§ **WHAT IS EXPECTED**:
Restate each of the lines below word for word and drop every picture.

§ **COLLECTED MATERIAL**:
= = = = =

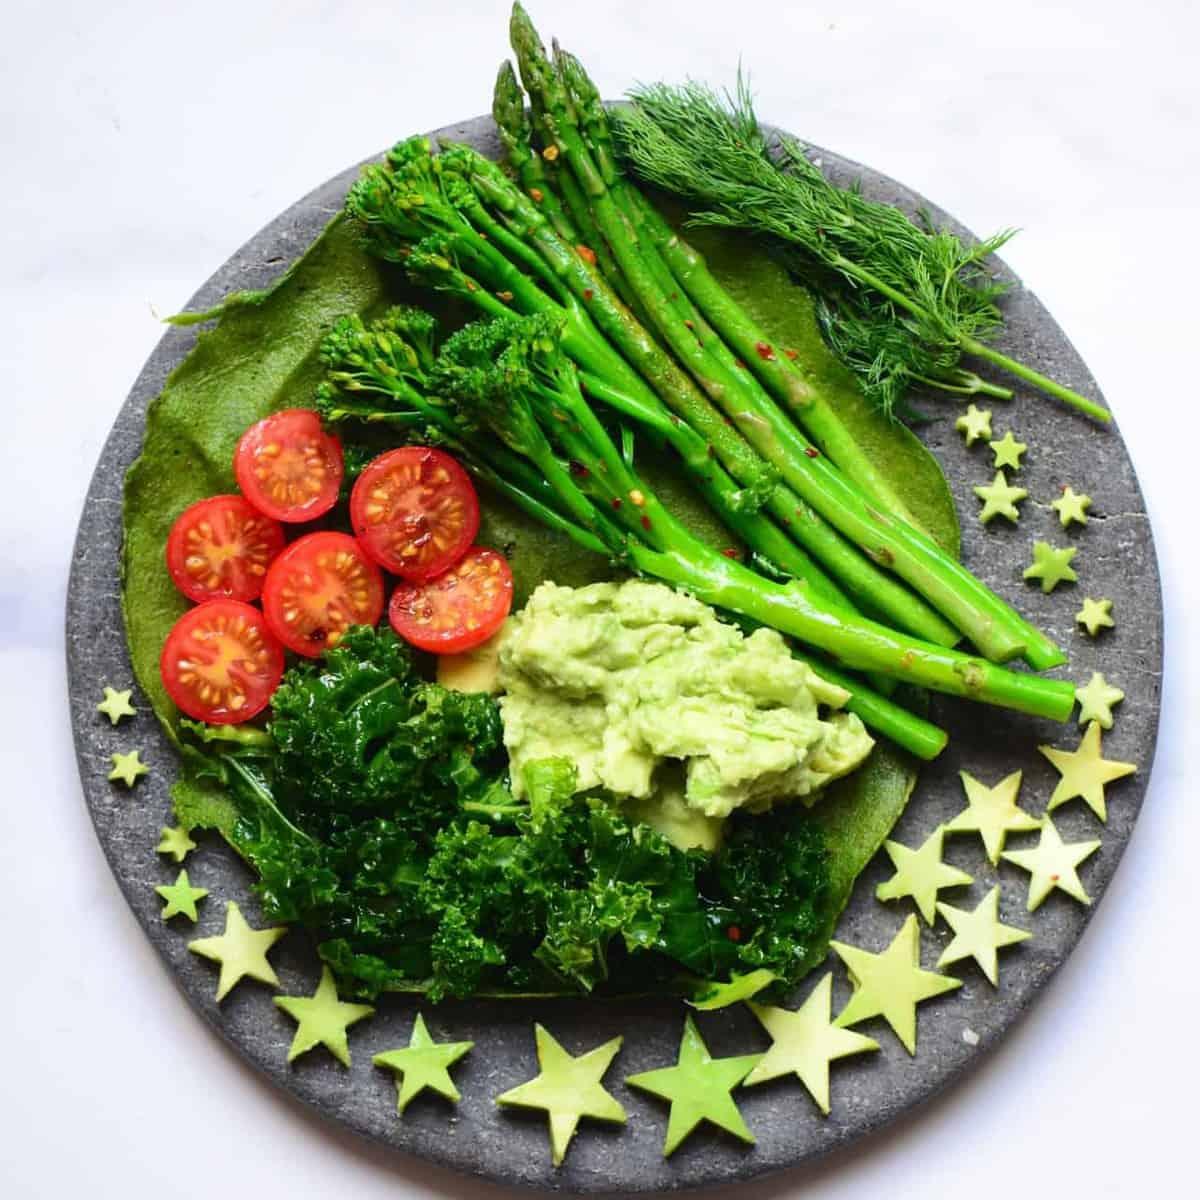 Protein green pancake topped with veggies
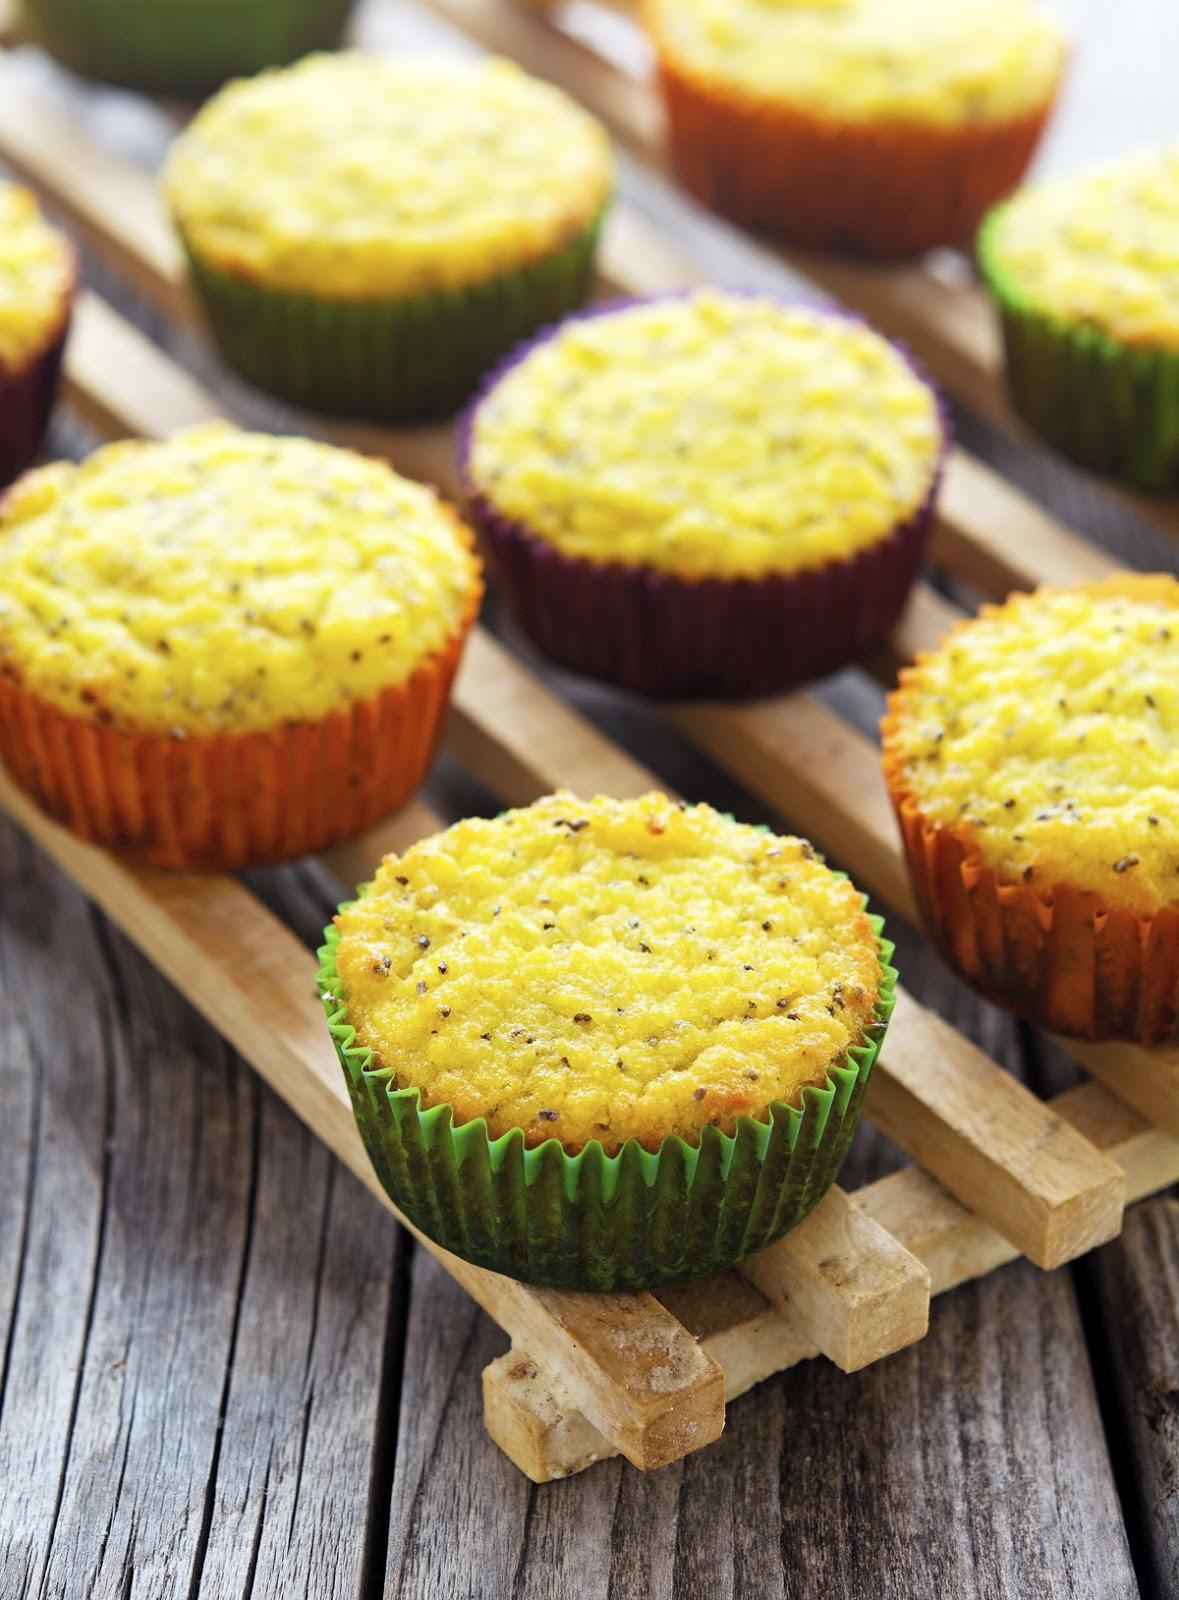 (Paleo) Coconut Lemon Chia Seed Muffins
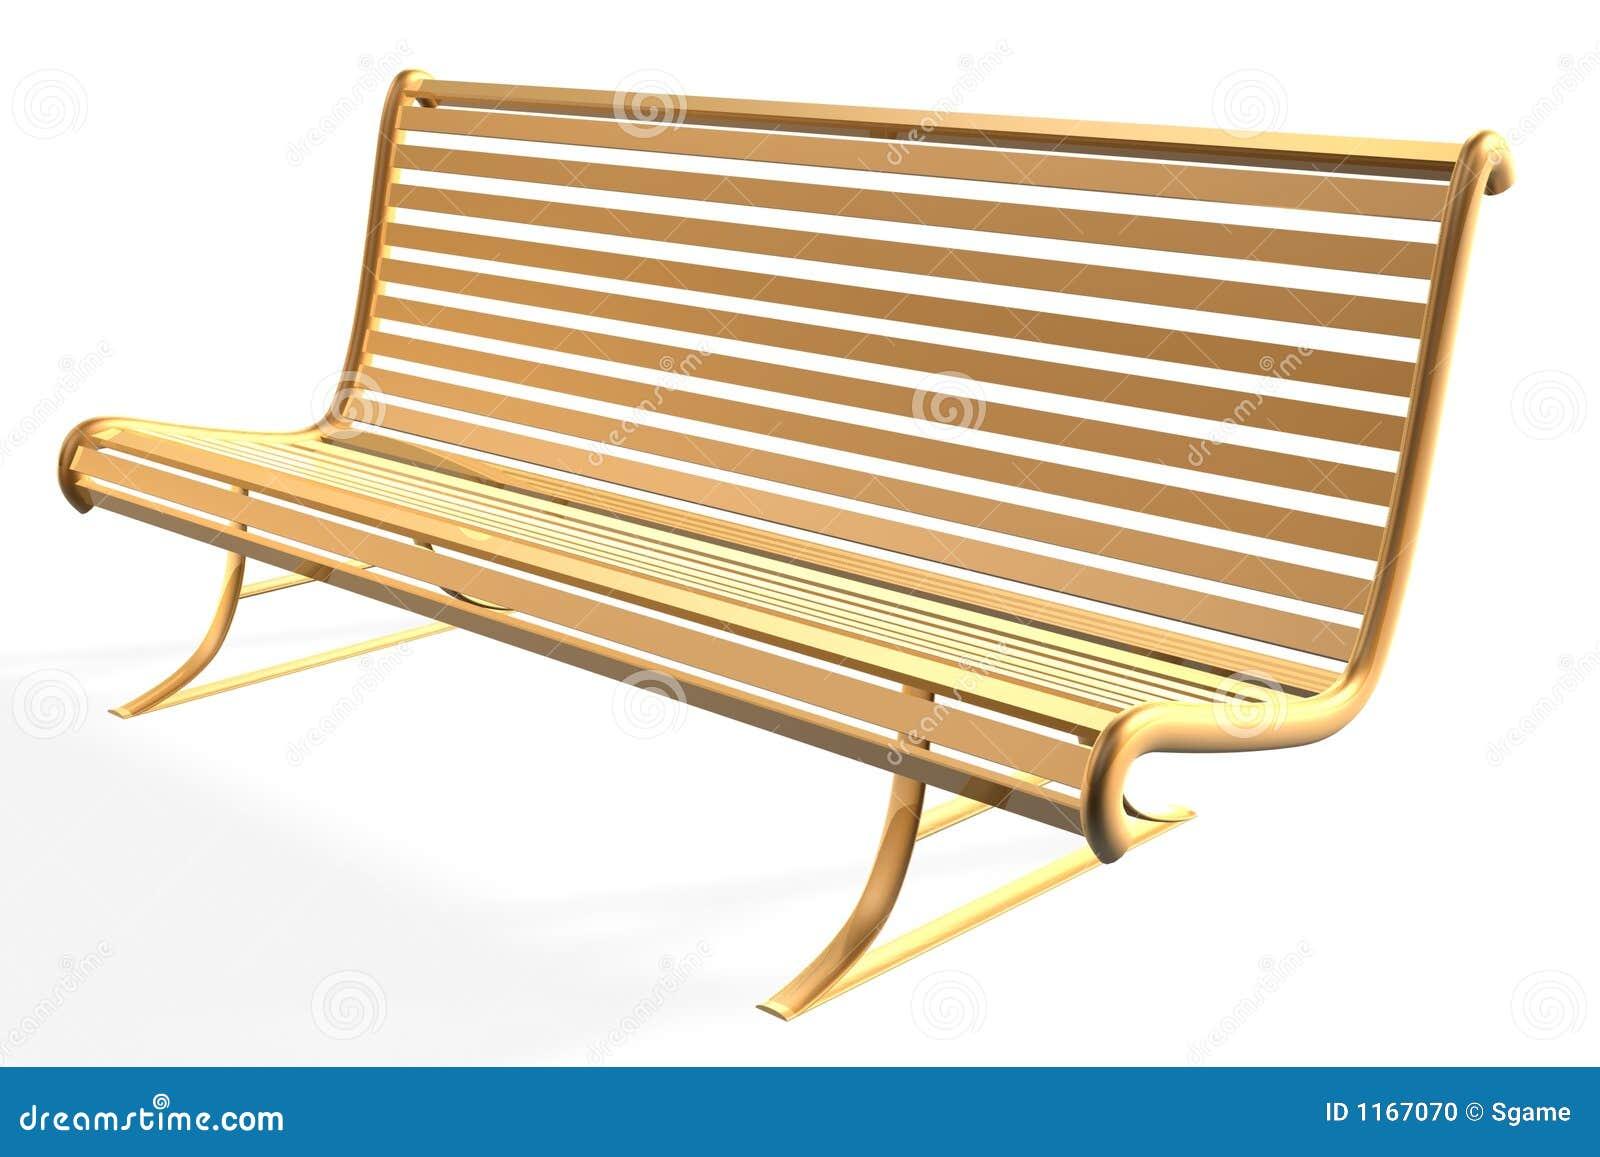 bench stock photo image 1167070

= = = = =

§ **FINAL ANSWER**:
 Protein green pancake topped with veggies
 (Paleo) Coconut Lemon Chia Seed Muffins
 bench stock photo image 1167070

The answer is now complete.